Recentemente, comprei uma televisão. Na hora de preparar a nota fiscal, o vendedor perguntou: “O senhor quer uma garantia estendida para mais dois anos? A gente divide em até doze parcelas sem juros”. Respondi: “Só se for pra mim com mais cinquenta anos de garantia e com pagamento parcelado”. Brincadeiras à parte, como psicanalistas sabemos que o humano – em seu corpo subjetivo – não conta com assistência técnica 24h, onde se possa levar a vida para ser consertada, trocar uma ou mais peças e, pronto, tudo novo. Por outro lado, para o corpo, em sua dimensão biológica, a medicina e várias áreas afins têm ampliado as possibilidades para a troca de peças. Substitui um osso por uma prótese. Troca coração, fígado, rim, olhos etc. Produz vacinas, fármacos que diariamente salvam milhões de vidas ao redor do planeta. Possibilitam uma vida com menos desconfortos e limites físicos. Inclusive, com as novas tecnologias, será cada dia mais comum criar órgãos artificiais em impressoras 3D.
Alguns transhumanistas acreditam que, em um futuro não muito distante, os corpos humanos serão indestrutíveis. Será? De qualquer forma, há um outro corpo que o sujeito carrega e sustenta. Um corpo em sua dimensão subjetiva, atravessado pela linguagem. Corpo inserido na cultura, no mal-estar da civilização. Corpo que não pode ser ‘consertado’ com reposição de peças. A medicina, por meio de tecnologias de ponta, pode eliminar ou minimizar as rugas de um rosto. Mas, é incapaz de lidar com as marcas, os traumas que o corpo subjetivo traz.

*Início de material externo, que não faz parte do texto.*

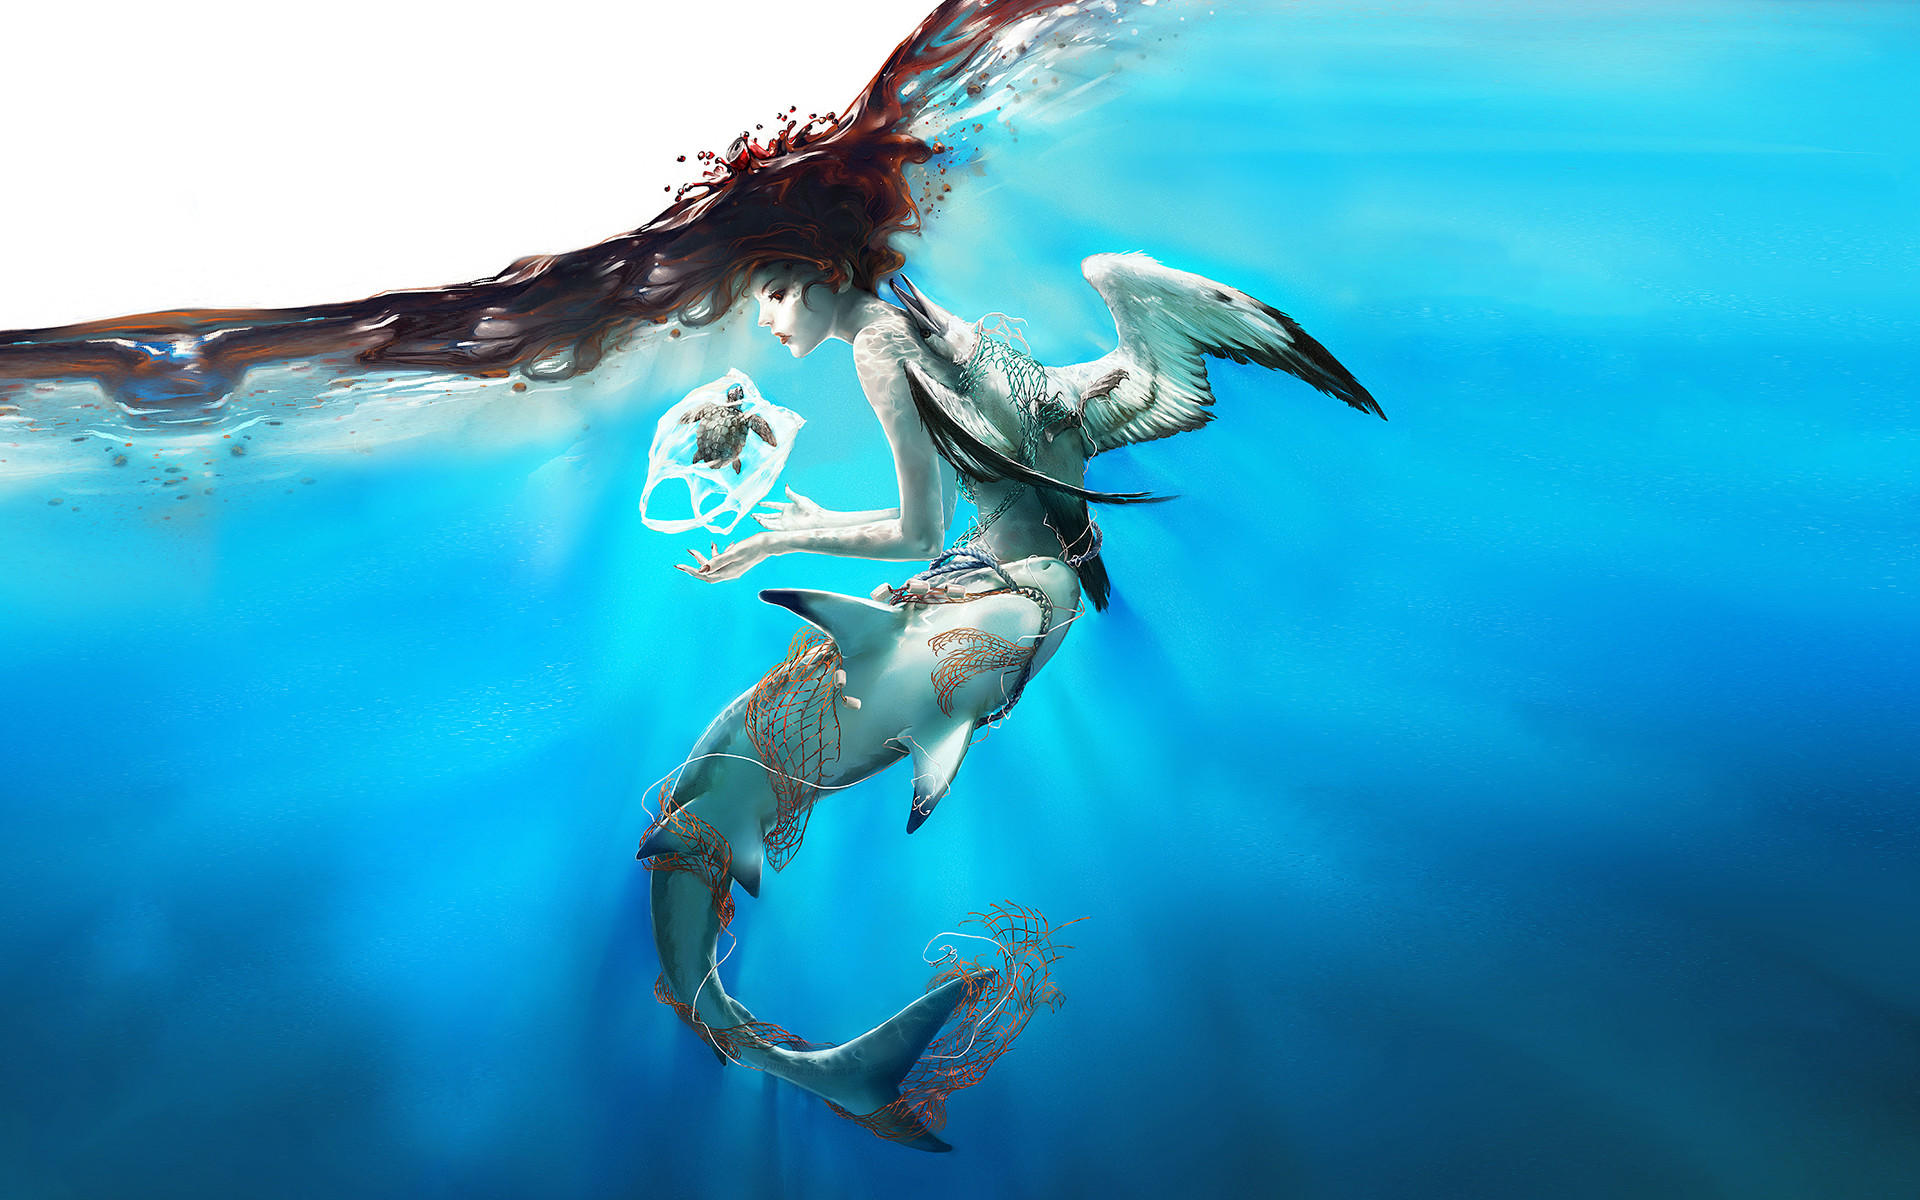 Sea Monster phone wallpaper 1080P 2k 4k Full HD Wallpapers Backgrounds  Free Download  Wallpaper Crafter

A psicanálise, logo de início, priorizou esse corpo. Um corpo que não precisa ser consertado. Só precisa ser escutado. Como disse Anna O., a paciente que inaugurou a psicanálise: “Deixa eu falar, deixa eu limpar a minha chaminé”. Ainda hoje, cabe a cada psicanalista oferecer esse espaço de escuta. Acolher o sujeito em seu sintoma. Não para consolá-lo ou para se identificar com sua queixa. Muito menos para consertá-lo. O que se espera ao final de um processo analítico é que o sujeito saiba lidar com seus sintomas e esteja em condições de concertar: criar uma sinfonia única para se sustentar na vida.